=== Section Start ===

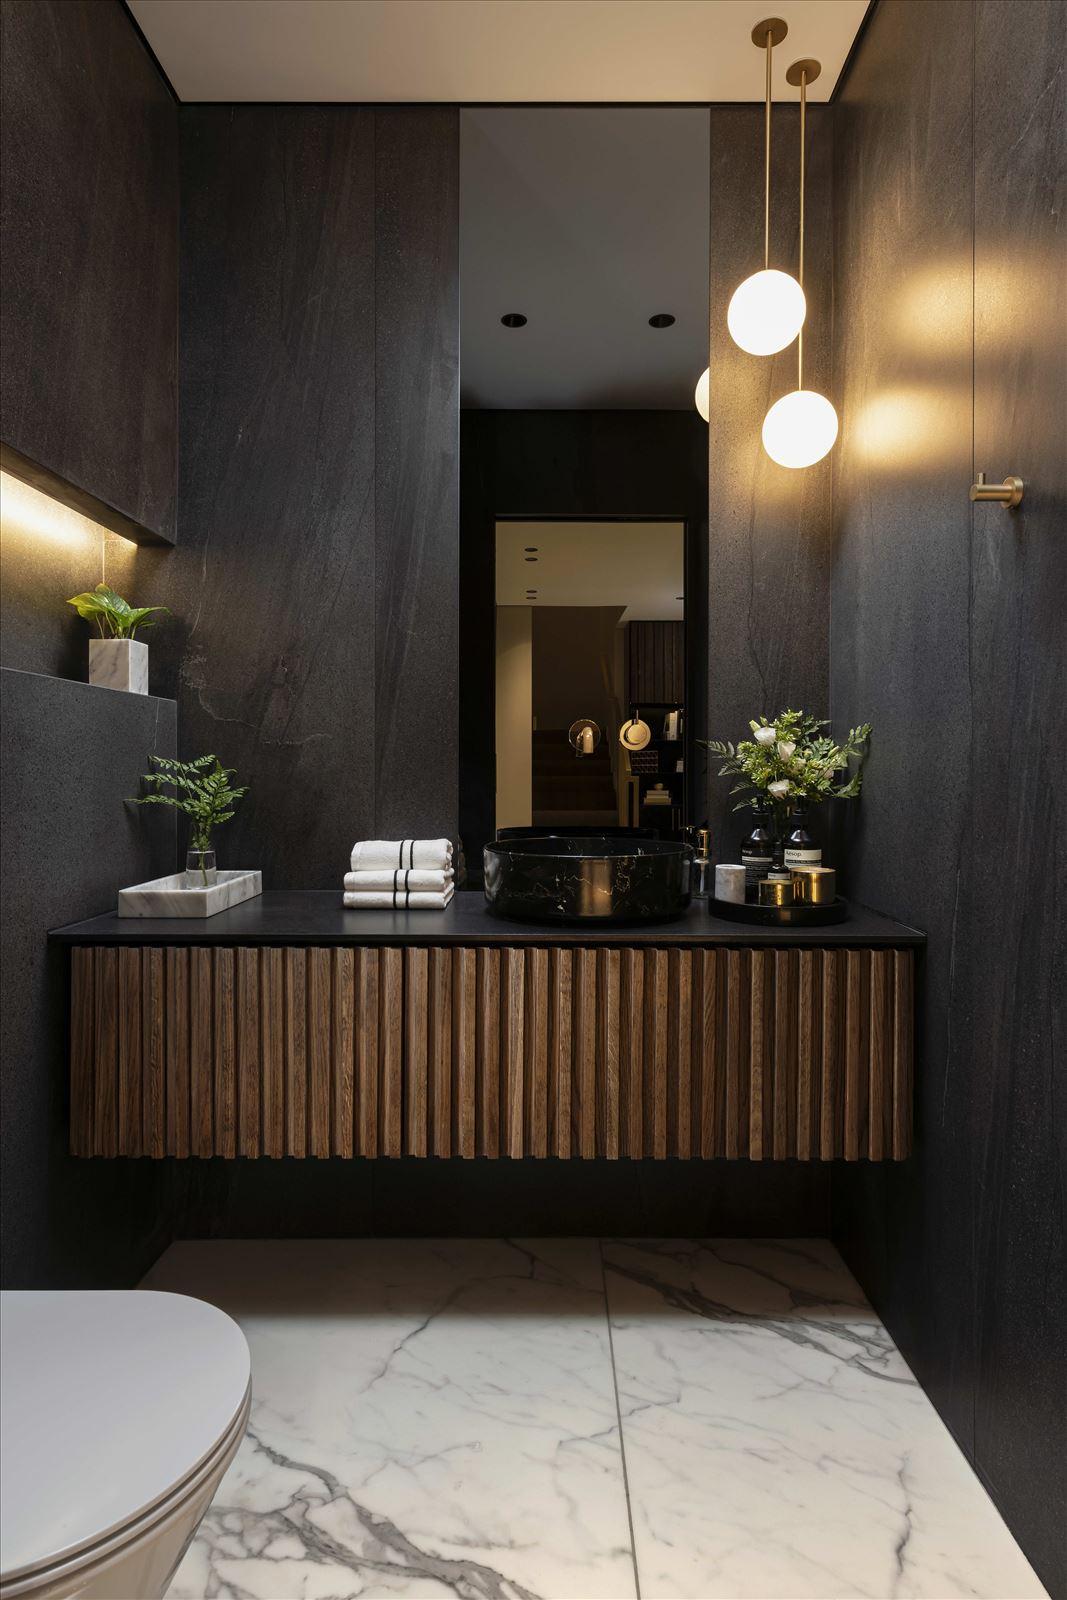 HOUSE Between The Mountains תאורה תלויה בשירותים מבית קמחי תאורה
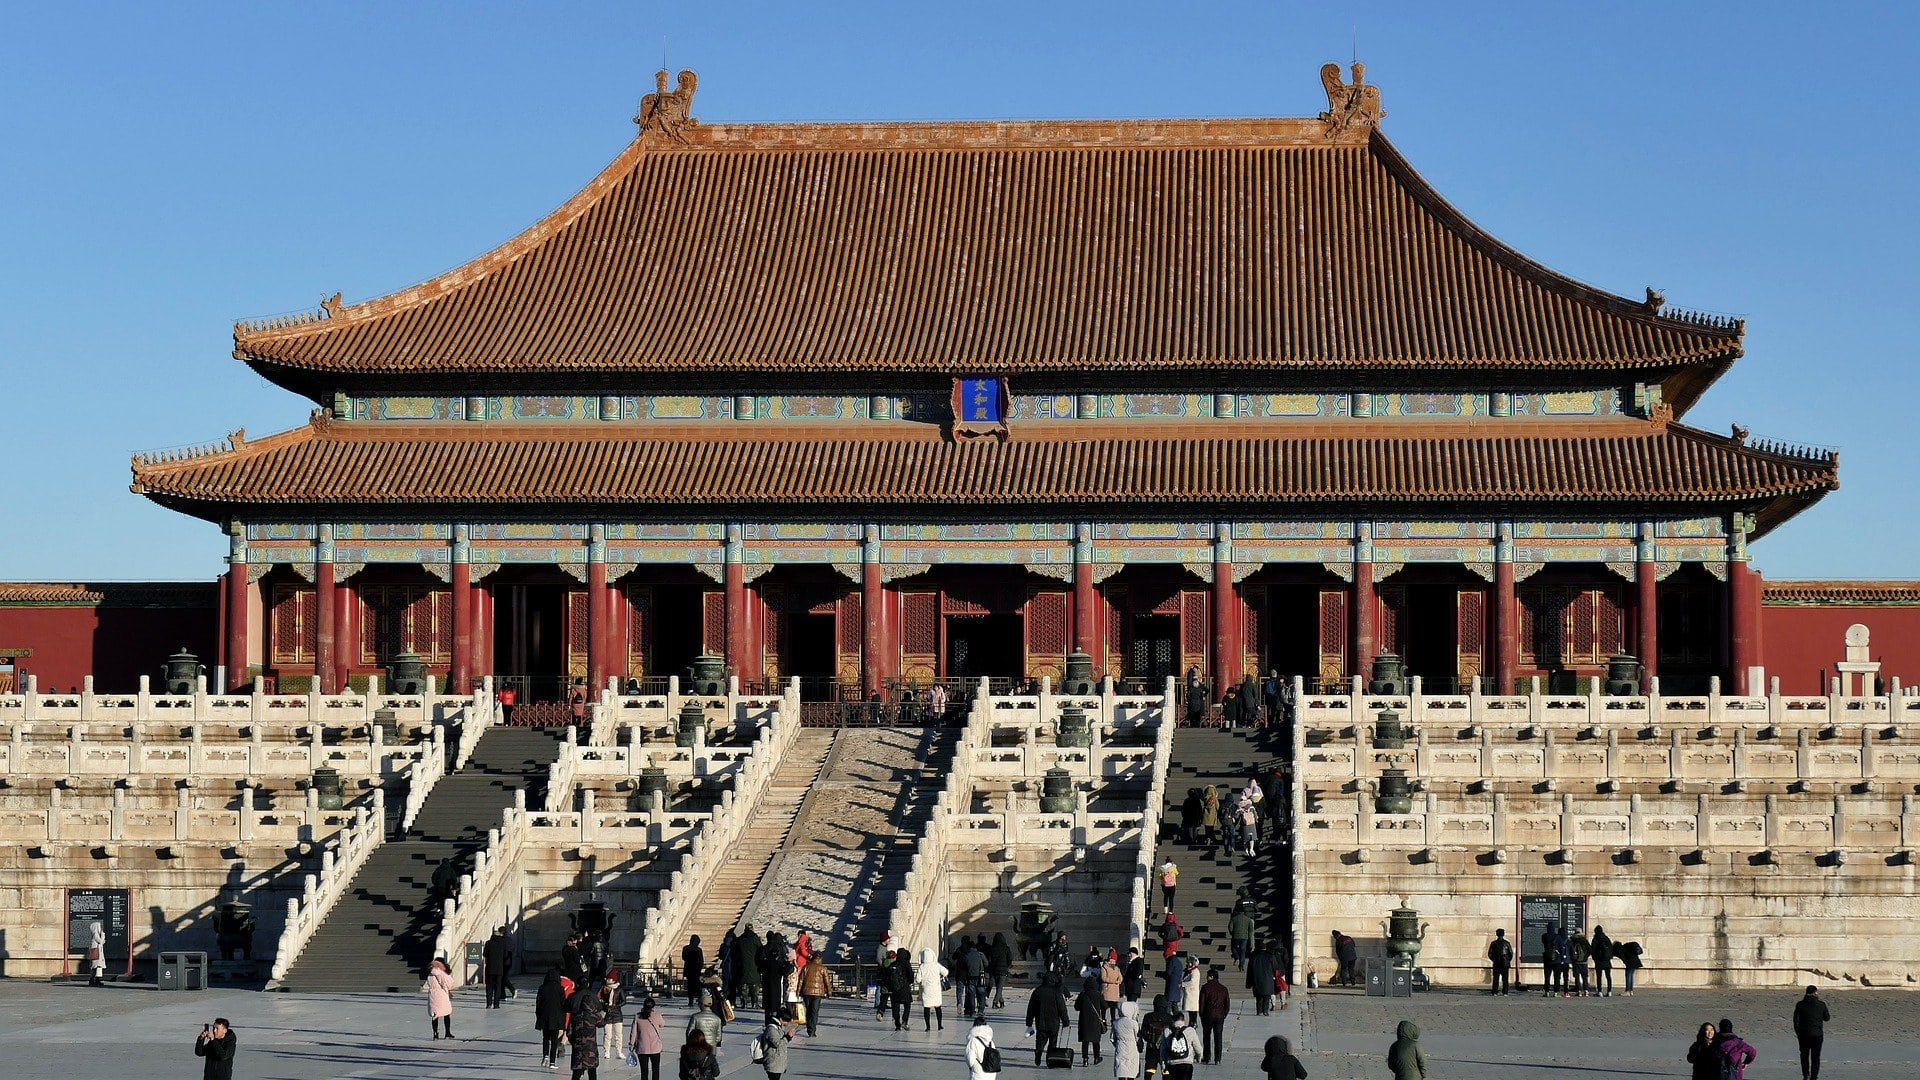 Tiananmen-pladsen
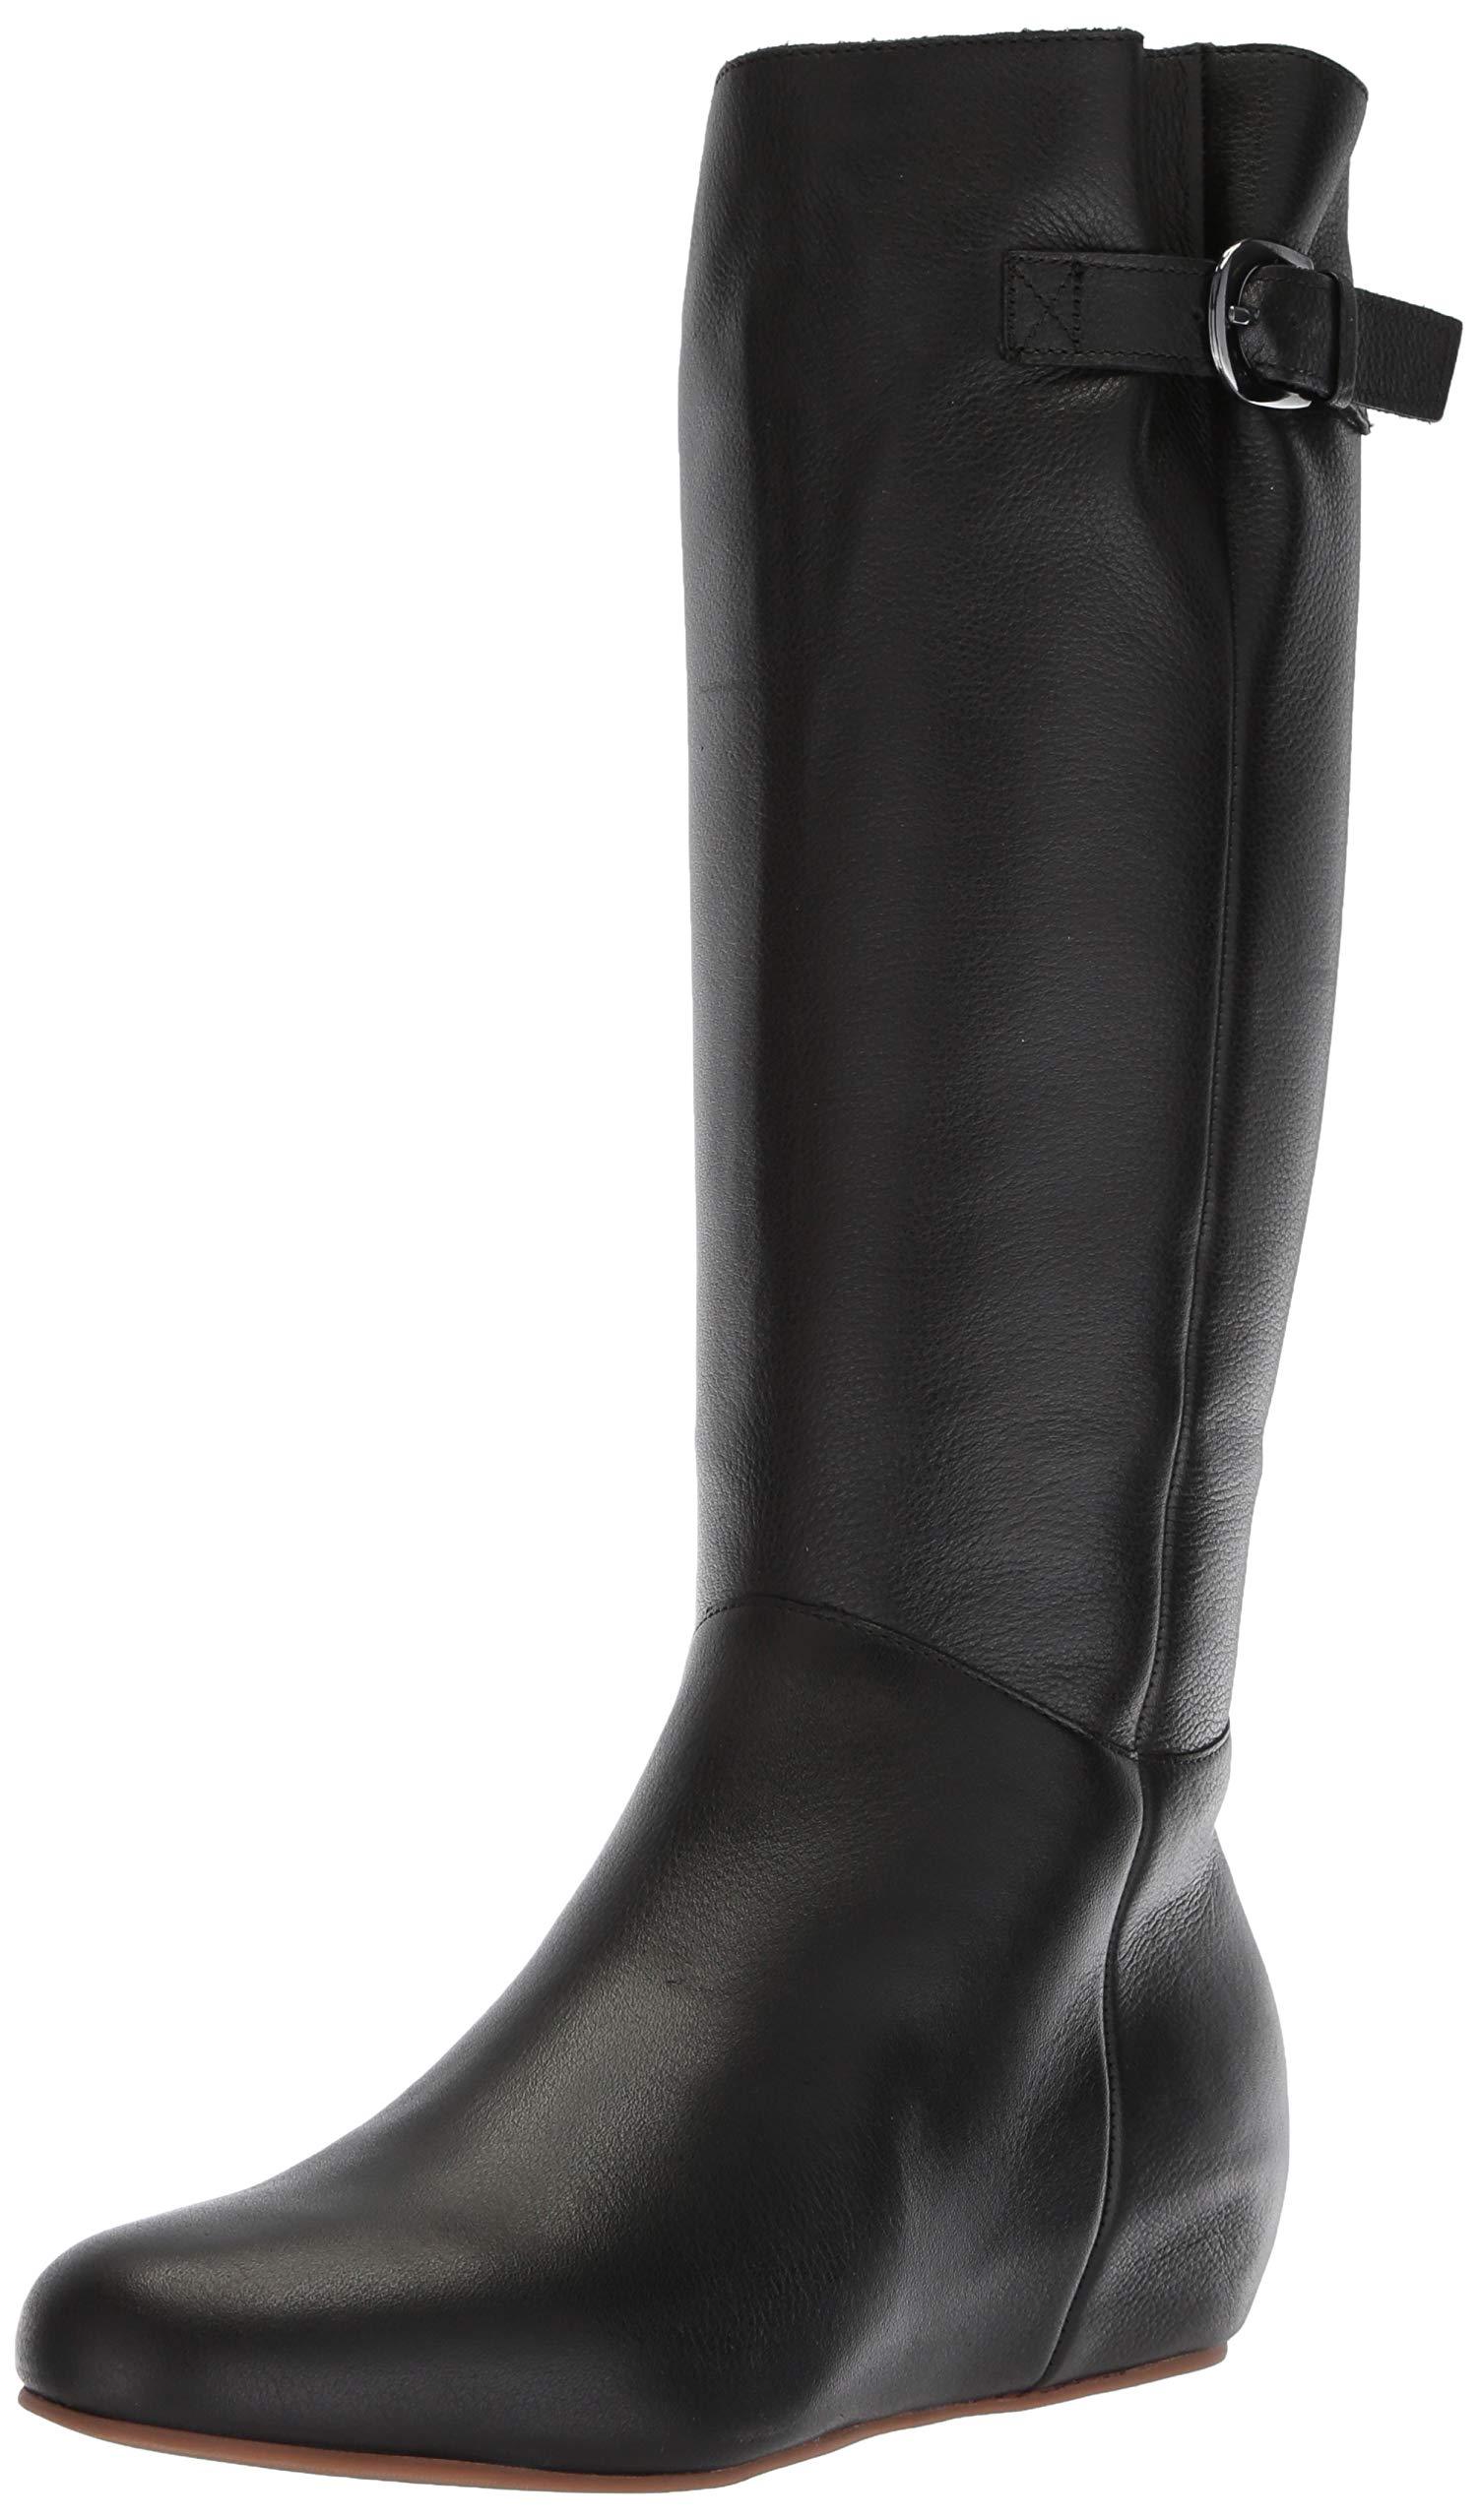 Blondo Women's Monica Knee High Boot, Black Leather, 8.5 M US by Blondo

=== Section End ===

Please print everything in the material exactly, apart from the pictures.

 HOUSE Between The Mountains תאורה תלויה בשירותים מבית קמחי תאורה
 Tiananmen-pladsen
 Blondo Women's Monica Knee High Boot, Black Leather, 8.5 M US by Blondo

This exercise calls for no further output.